A new autobiography details the beauty's highs and lows.
The article originally appeared in MIMI.
Iconic model Beverly Johnson, 63, is detailing some of the horrifying trappings of the modeling industry in the '70s and '80s in her new tell-all book, The Face That Changed It All.
In an interview with People, Johnson shares startling memories of starving herself to weigh just 103 pounds after being deemed "too fat." At the time, she was 5'9 and 125 pounds.
"I was eating nothing, zero," she says. "I drank black coffee, a sip of broth if things got tough, and in the evening, a glass of champagne as a pick me up. We didn't even drink water. We thought it was fattening."
Johnson discusses how openly and readily available drugs were available to models back in her day, which resulted in a battle with cocaine addiction for the model, who now runs a lifestyle line featuring makeup, bags, and hair extensions.
"Drug use was encouraged," she says." It was like 'Oh my god, you are chiseled to the bone.' All of the things you needed to be a high-class model: high cheekbones, bright eyes, that was all provided by the drugs. It was like being offered a drink. It was one of the perks. People around us always had it."

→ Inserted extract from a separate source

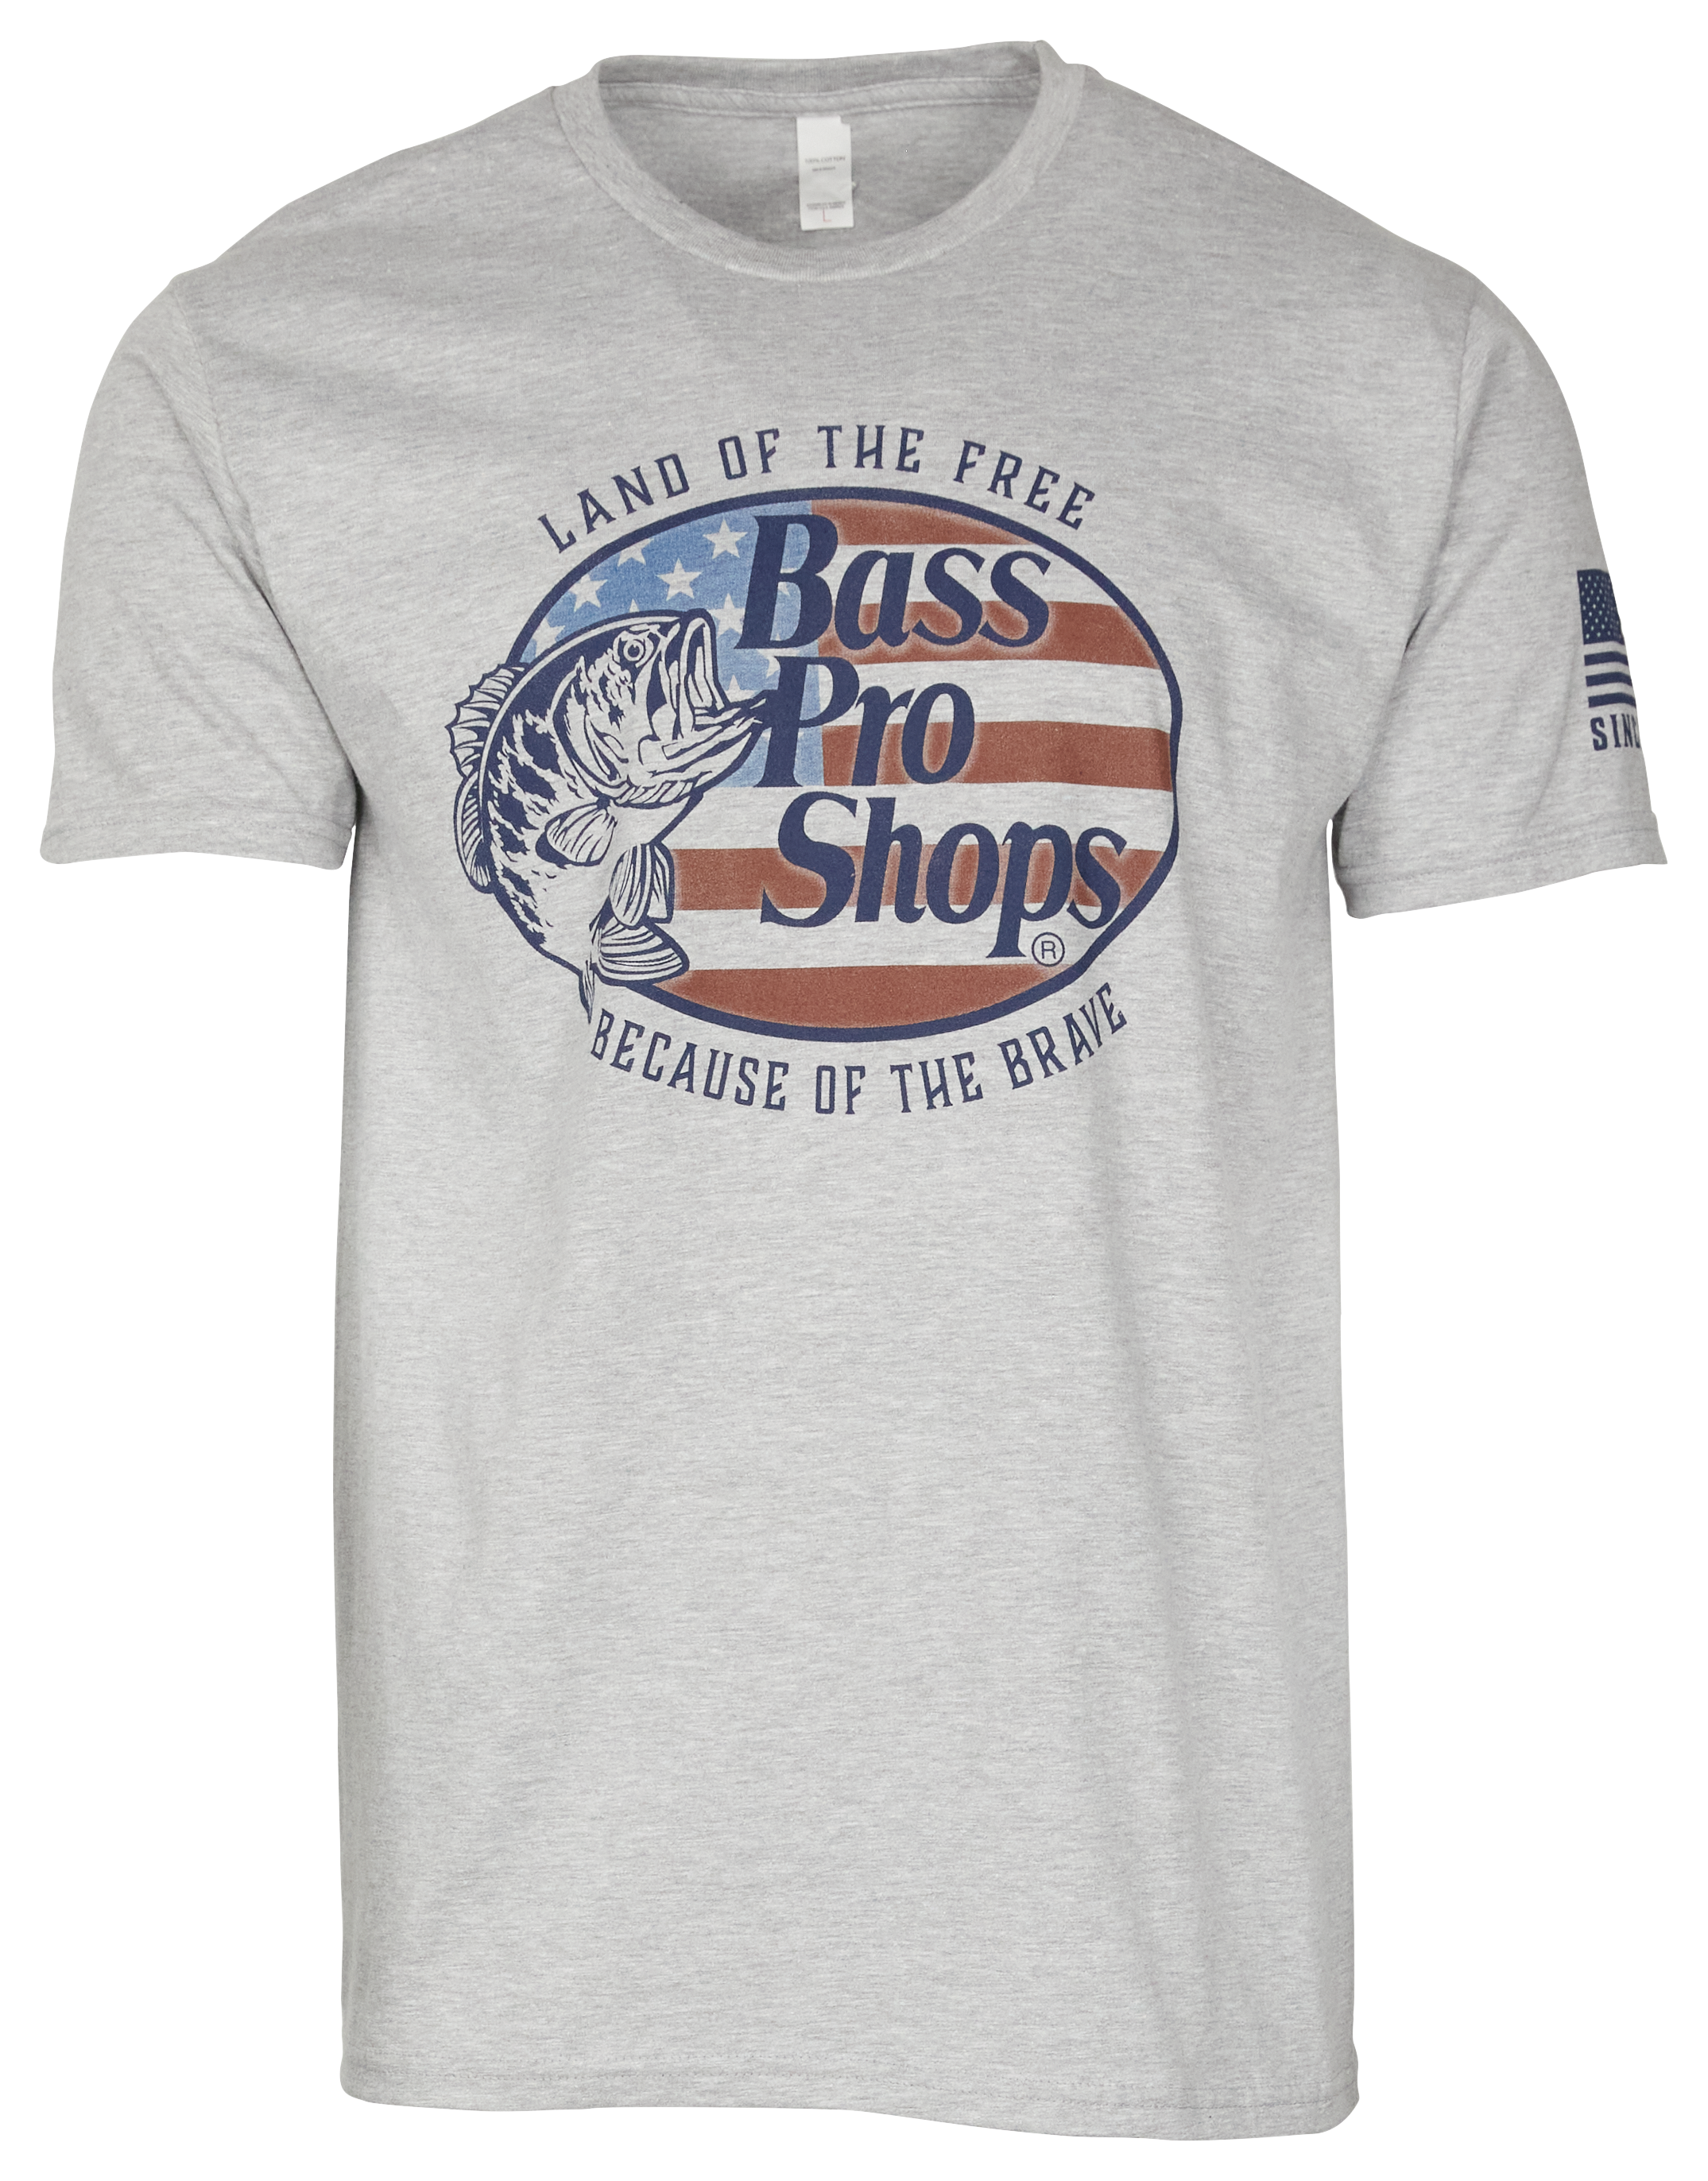  Bass Professional Shop Shirt

After nearly suffering an overdose in 1983 and becoming embattled in a custody suit over her daughter Anansa, Johnson went to rehab to beat her addiction.
"I realized drugs could kill you and my daughter would not have a mother if I didn't get help," she says.
With a happier and healthier outlook on life, Johnson is living proof that a model never has to retire — she can just keep reinventing herself.